USA TODAY - The Food and Drug Administration announced a compromise deal with the veal industry that allows the sale of calves that had illegally been given synthetic testosterone to make them grow faster, as long as 63 days had passed since they received the hormone implants.

The FDA also reminded the veal industry that using the growth hormones in veal calves is illegal. "The illegal use of hormones to promote growth in animals has no place in American farming," acting FDA Commissioner Lester Crawford said in a release issued Friday night.

The implants, which are about size of half a Tic Tac, are placed under the skin of the calves' ears and slowly release the drug into the animals' bloodstream.

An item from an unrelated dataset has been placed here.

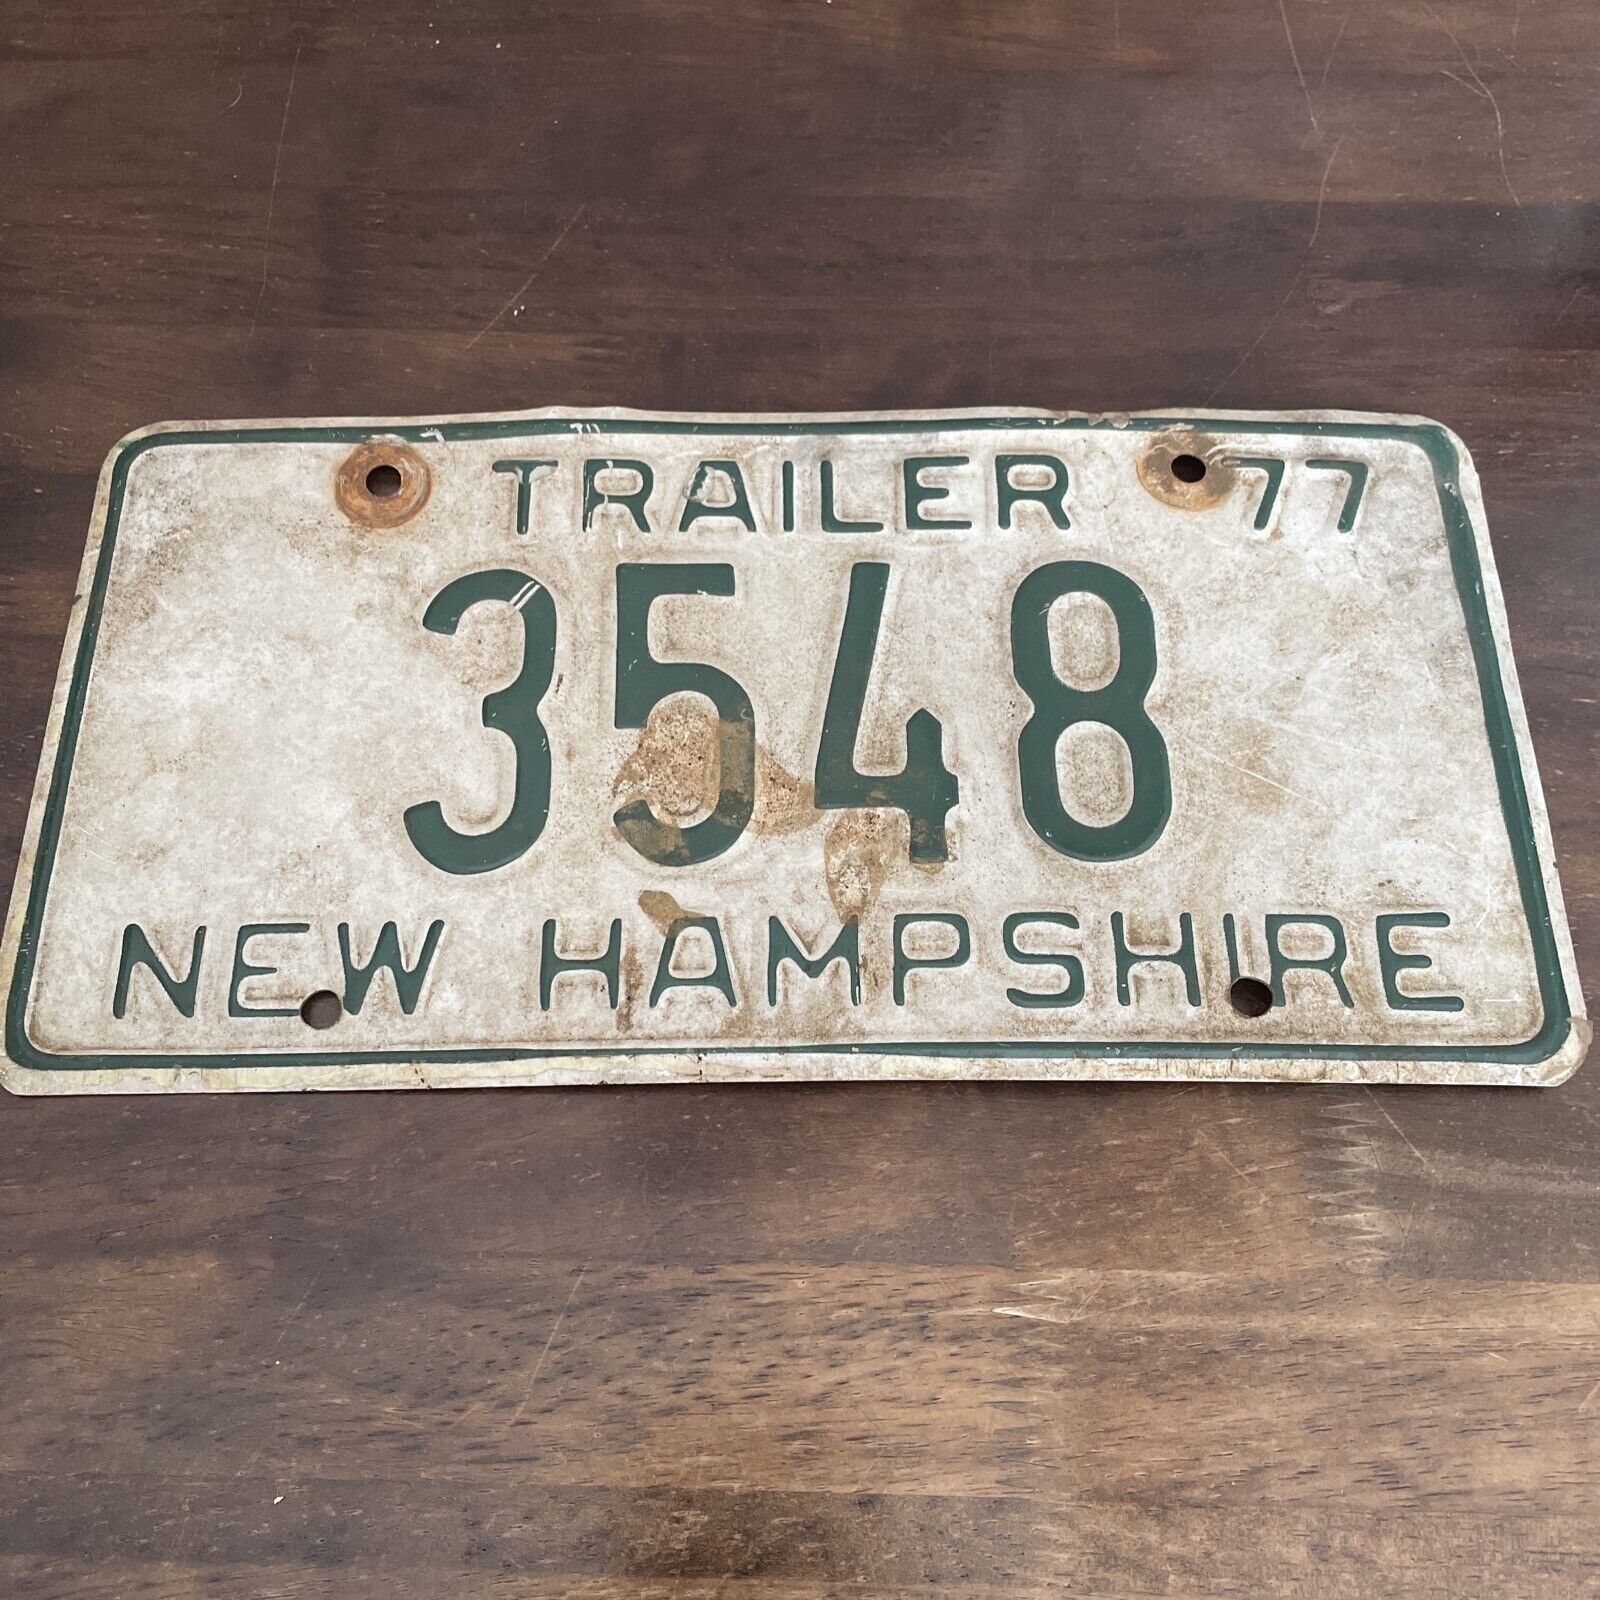 Vintage New Hampshire 1977 Trailer License Plate Barn Find #3548

Estimates of how many veal calves received the illegal implants run as high as 80% to 90%. The practice appears to have been going on for years. But federal regulators only became aware of it in the past two weeks after the USDA discovered hormone-releasing implants in veal calves at two slaughter plants in Wisconsin. Since then, the USDA has been stopping veal calves found to have hormone implants from entering the food supply.

Both the USDA and the FDA are involved because the USDA monitors food safety and the FDA regulates drugs given to animals.

Use of such growth-enhancing hormones is illegal in veal calves under FDA rules, and meat from them is considered adulterated. The FDA says it is unlikely that the hormone is harmful to people who eat veal.

Such implants are legal and widely used in beef cattle because the hormone has time to leave the animals' system. Veal calves are generally slaughtered at 20 weeks of age, while beef cattle are slaughtered at a year and a half.